Along the way, I discovered insights about room quality, destination value, overpriced hotels, and guest review behavior.

## 1. Setup & Data Loading

In [None]:
import pandas as pd
import numpy as np
from scipy import stats
import matplotlib.pyplot as plt
import matplotlib.ticker as mticker
import warnings
warnings.filterwarnings('ignore')

# Dark theme for all charts
plt.rcParams.update({
    'figure.facecolor': '#0A1628', 'axes.facecolor': '#0A1628',
    'axes.edgecolor': '#1a2d4a', 'axes.labelcolor': '#8899AA',
    'xtick.color': '#8899AA', 'ytick.color': '#8899AA',
    'text.color': '#FFFFFF', 'font.size': 12,
    'axes.titlesize': 16, 'axes.titleweight': 'bold',
})

ACCENT, RED, YELLOW, SUBTLE, CARD = '#00D4AA', '#FF6B6B', '#F1C40F', '#8899AA', '#132039'

print('Libraries loaded successfully.')

In [None]:
booking_raw = pd.read_csv('data/raw/booking_hotel.csv', encoding='latin1')
tripadvisor_raw = pd.read_csv('data/raw/tripadvisor_room.csv', encoding='latin1', on_bad_lines='skip')
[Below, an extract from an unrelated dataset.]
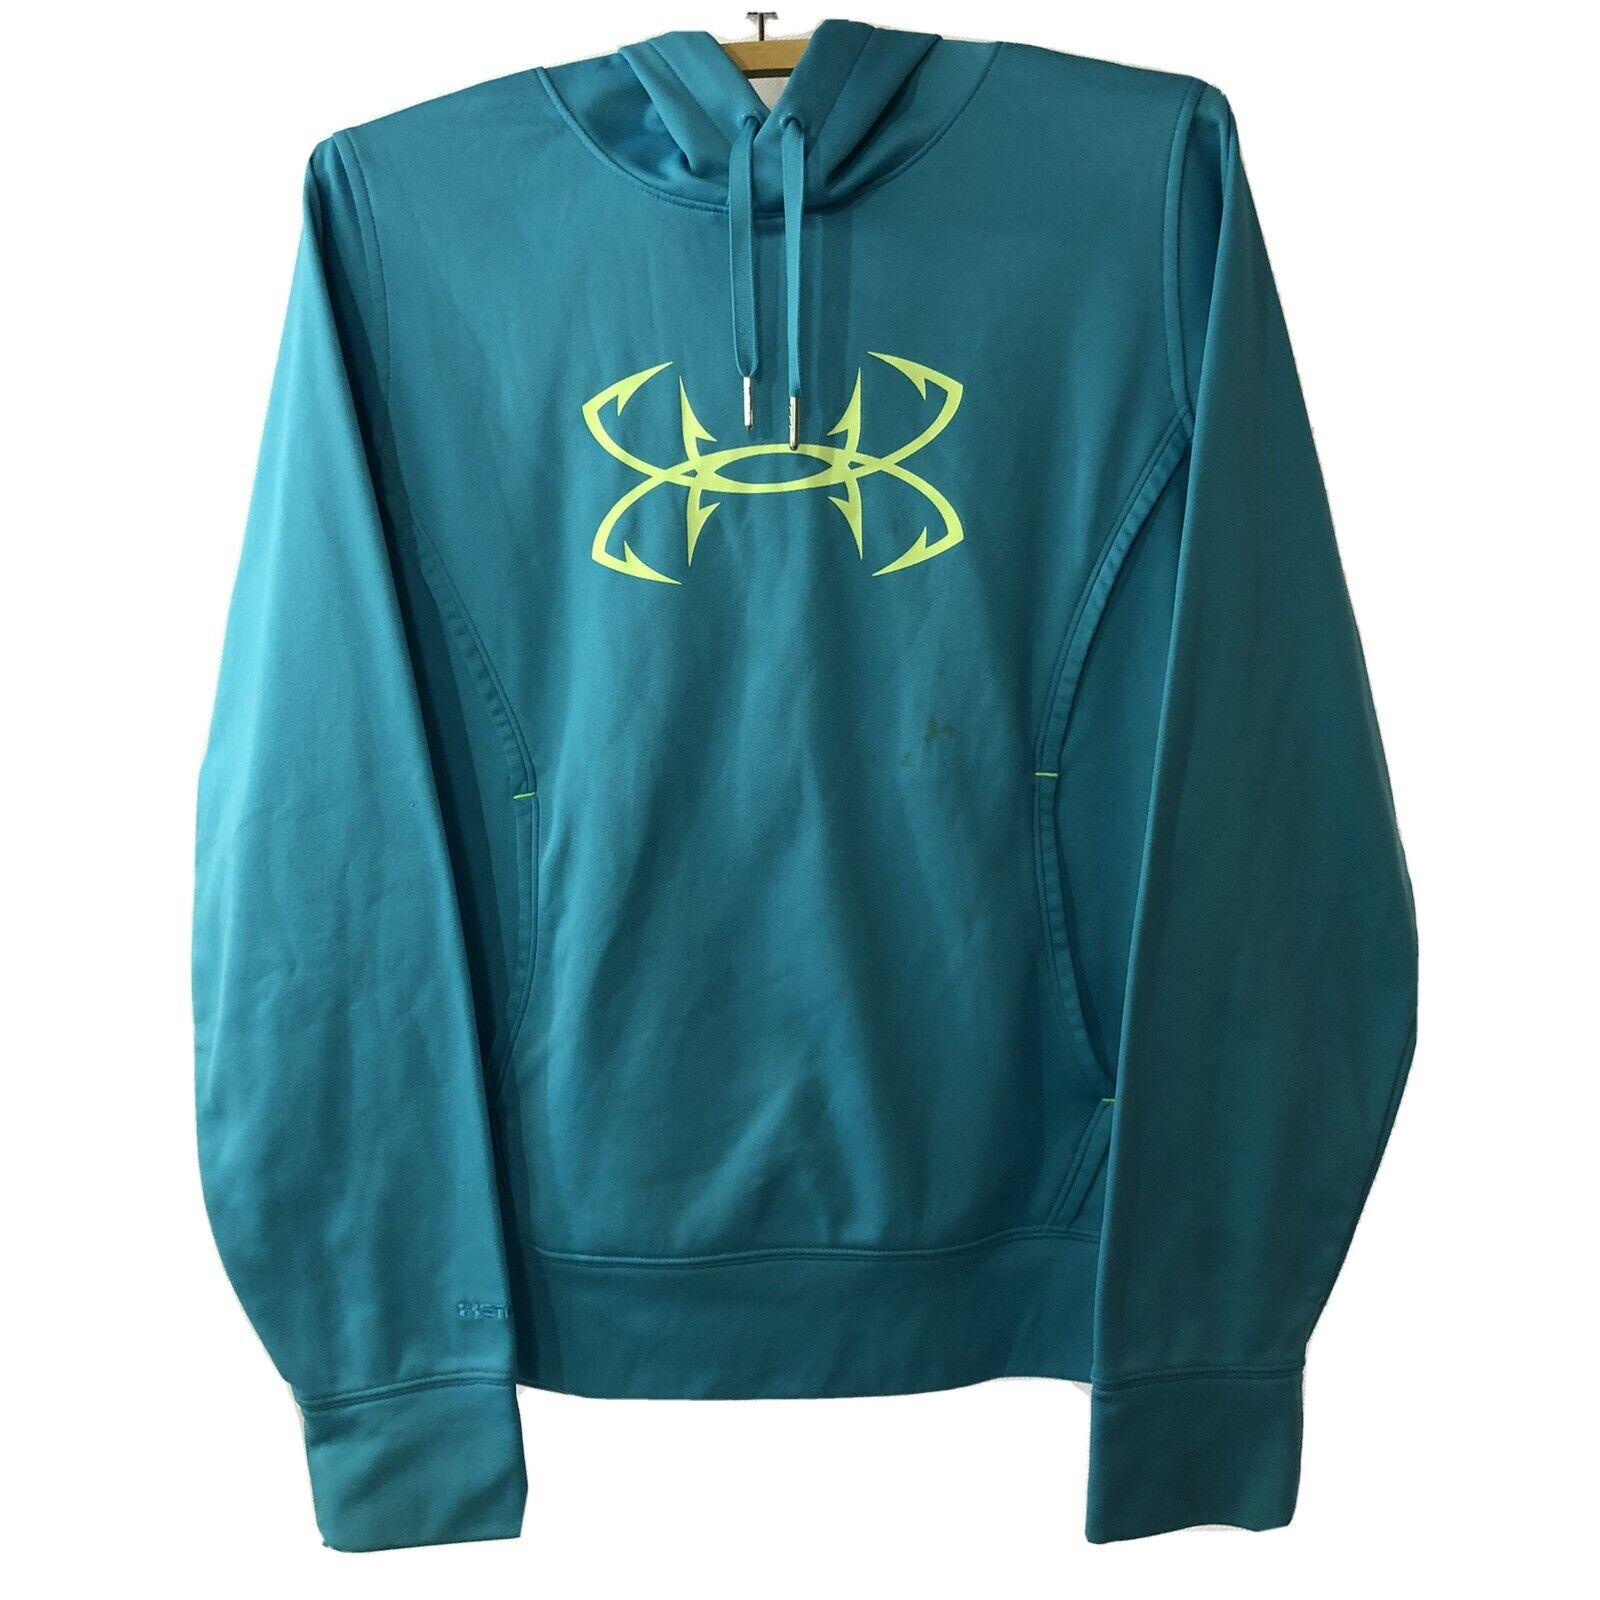 Under Armour Storm 1 Womens Sz Sm/P Hoodie Aqua Blue Fish Hook Logo Long Sleeve
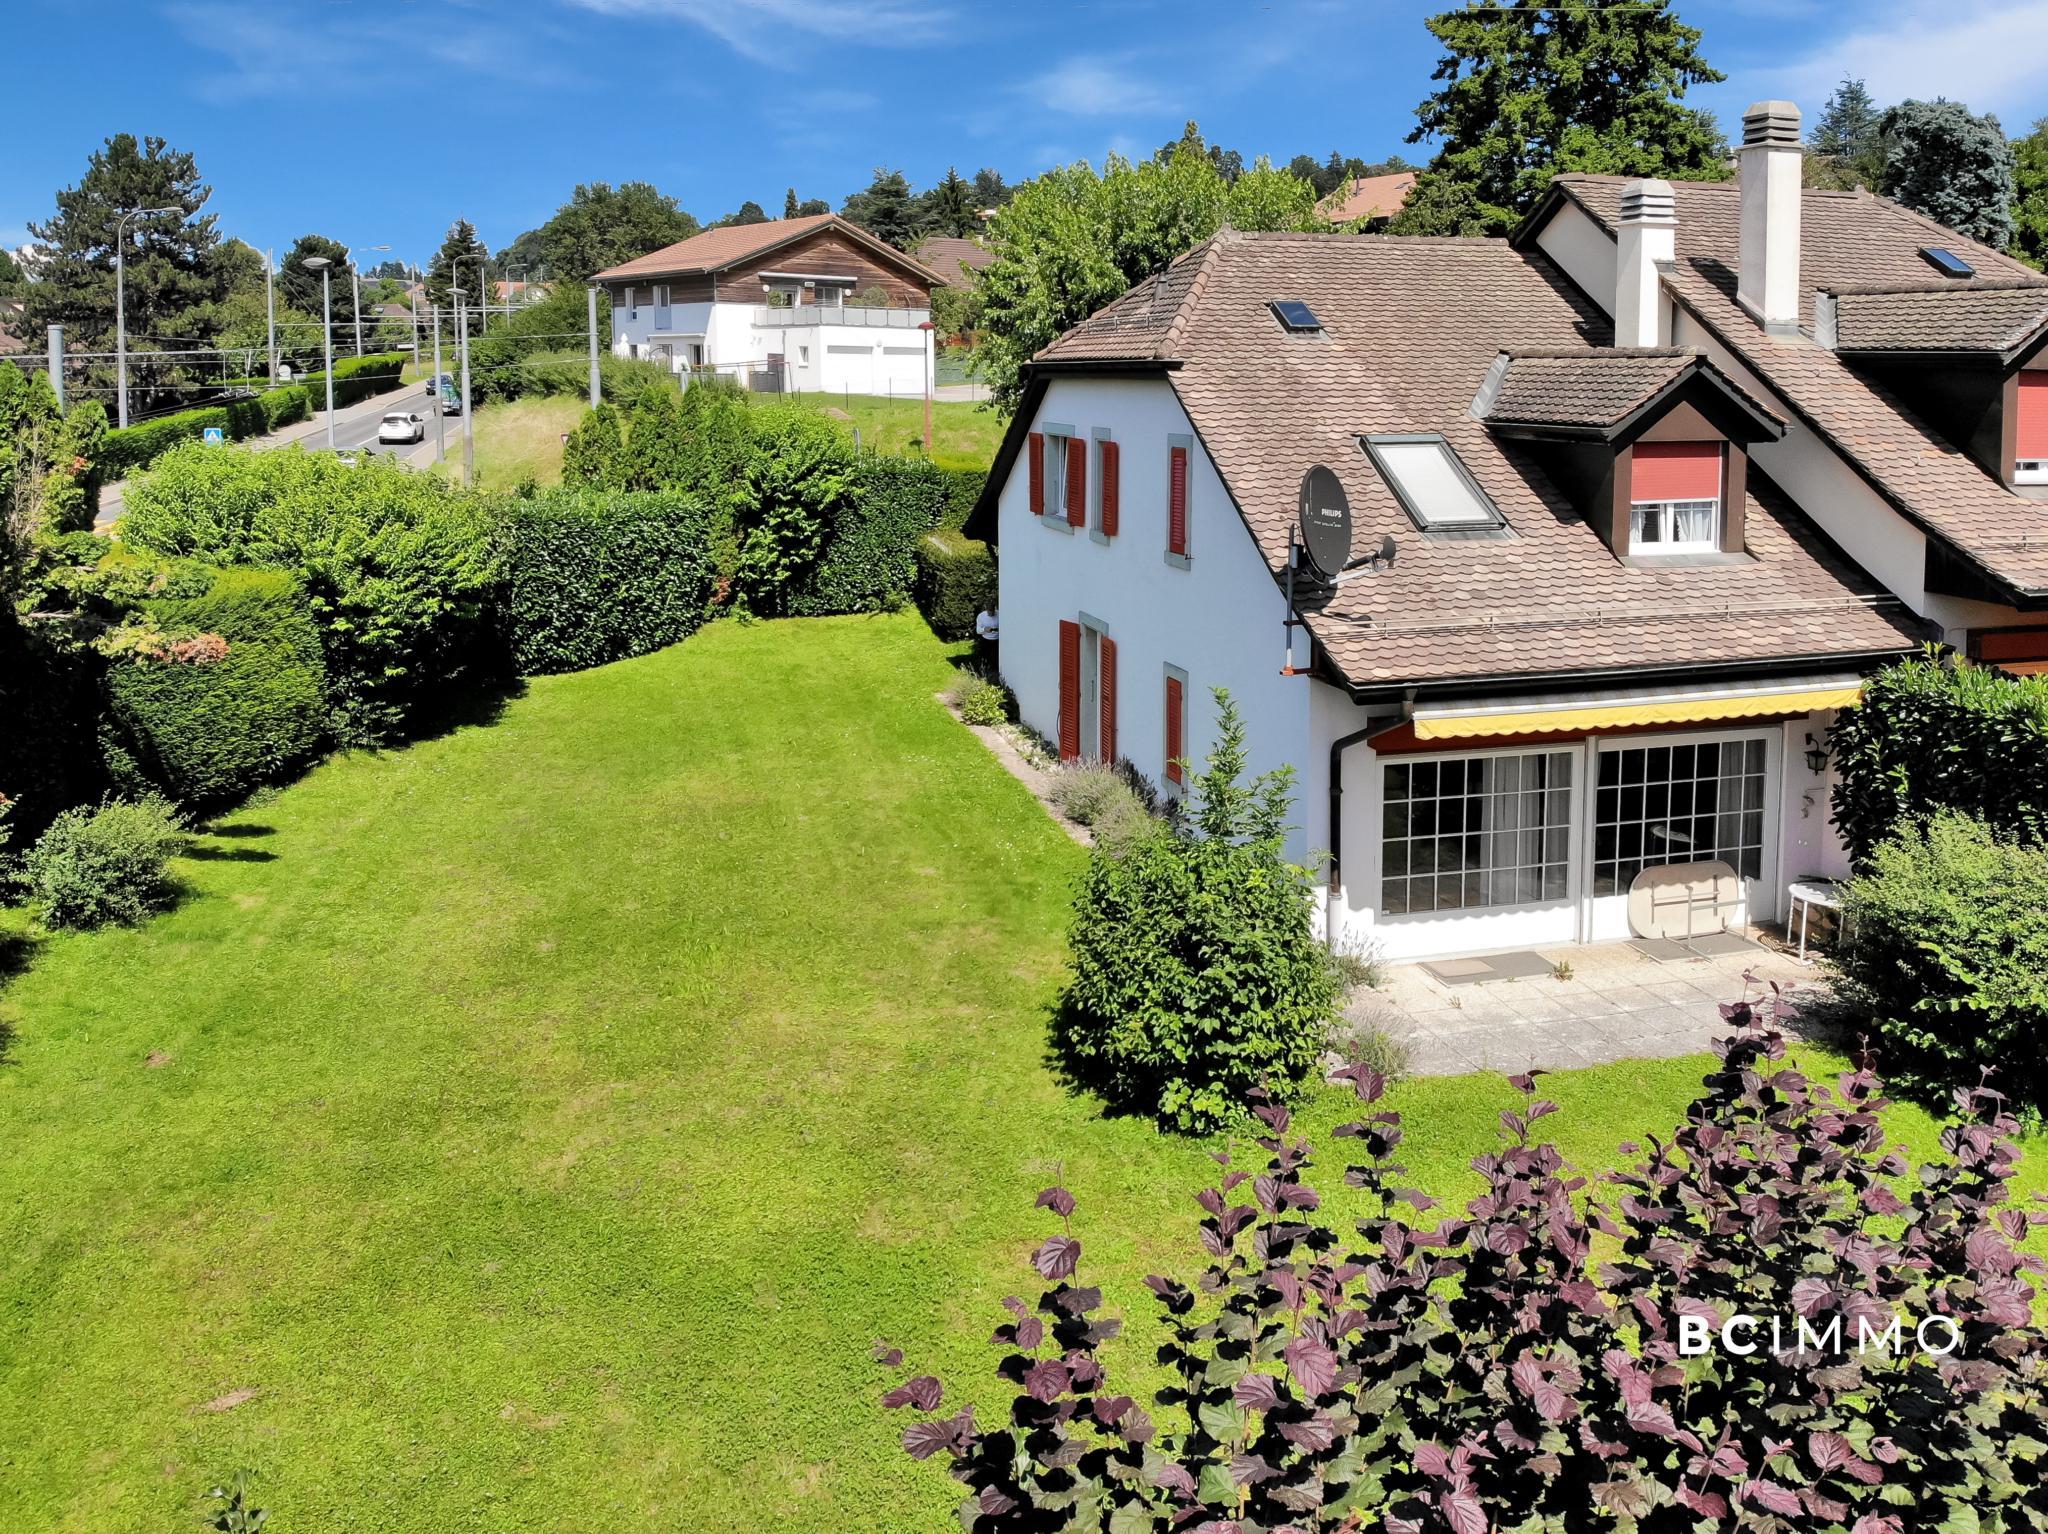 BC Immo - Villa mitoyenne idéalement située avec grand jardin - 1052SB1

print(f'Booking.com raw: {booking_raw.shape[0]} rows, {booking_raw.shape[1]} columns')
print(f'TripAdvisor raw: {tripadvisor_raw.shape[0]} rows, {tripadvisor_raw.shape[1]} columns')
print(f'\nBooking columns: {list(booking_raw.columns)}')
print(f'TripAdvisor columns: {list(tripadvisor_raw.columns)}')

## 2. Data Cleaning

Both datasets required significant cleaning:
- Column names had extra spaces and inconsistent formatting
- Prices contained corrupted currency symbols (encoding issue) and comma separators
- Prices were in **BDT (Bangladeshi Taka)** — converted to EUR at approximately 120 BDT = 1 EUR
- TripAdvisor hotel names had numbering prefixes (e.g. "1. Hotel Name")
- Review counts had comma separators

**Choices made:**
- Removed hotels with missing prices or ratings
- Filtered price outliers: kept EUR 5 - EUR 10,000 per night
- The BDT/EUR rate is approximate — the exact currency in the dataset is ambiguous, but the relative comparisons remain valid

In [None]:
# === BOOKING CLEANING ===
booking = booking_raw.copy()
booking.columns = ['hotel_name', 'location', 'rating', 'review_score',
                    'num_reviews', 'room_score', 'room_type', 'bed_type', 'price_bdt']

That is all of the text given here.